Related: Texas Tries to Punish Abortion with the Death Penalty

Alyssa Milano’s Call for a Sex Strike:

Yes, it means what you’re thinking. Alyssa Milano’s form of protest is an interesting one. Her tweet urges women to stop having sex “until we get bodily autonomy back”. Controversially, the singer and Charmed actress called for women to join her in a sex strike to protest these anti-choice laws.

“We need to understand how dire the situation is across the country. It’s reminding people that we have control over our own bodies and how we use them,” –  Alyssa Milano.

Abstinence as Protest?

Is giving up sexy-time really the way to go here? Can mass abstinence change laws and influence policies? Historically, withholding sex has been used as a protest method before, Milano notes. It dates back to Iroquois women in the 1600s as a way to end warfare. There was also a sex strike organized by Liberian women in 2003.

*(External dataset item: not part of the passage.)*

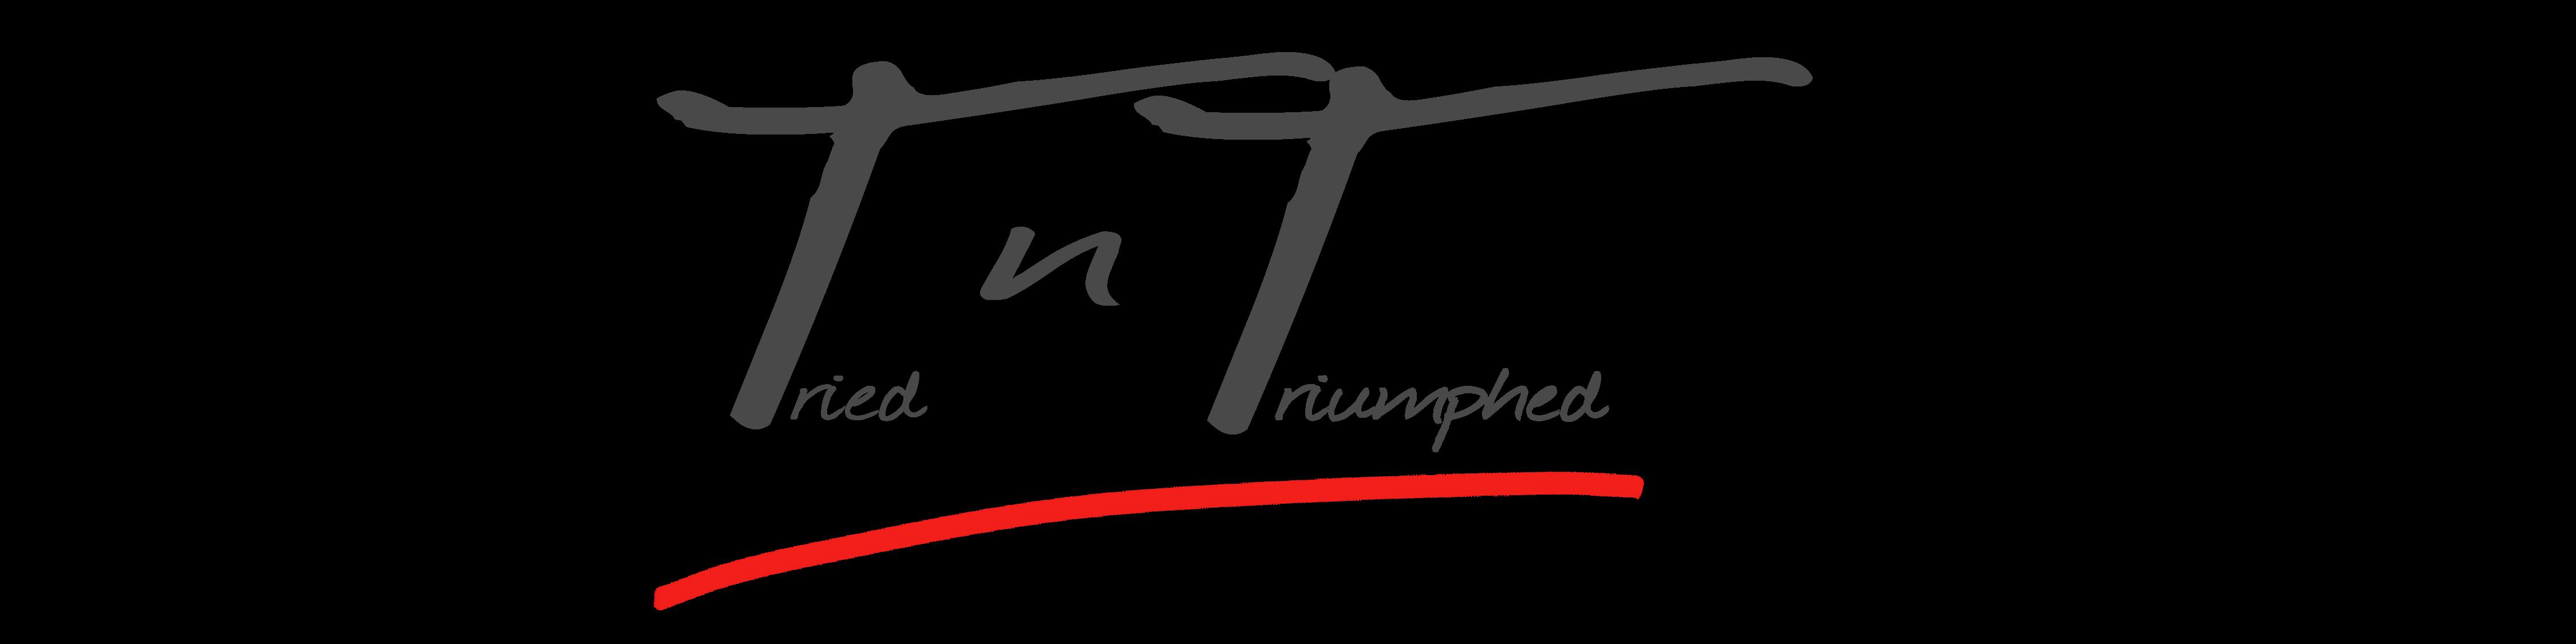 Tried 'n' Triumphed

There was some backlash to the sex strike call. The Guardian reports that there was criticism to the idea that women only have sex as a favour to men, and not for their own pleasure. It’s important not to frame sex in a way that disempowers women. Sex is for us to enjoy, on our own terms. Would a sex strike go against sex positivity?

Milano seems unbothered by the criticism, saying her tweet “is getting people to talk about the war on women”. While she hasn’t put a time-frame on the sex strike for herself or other women, she argues it gets the conversation going.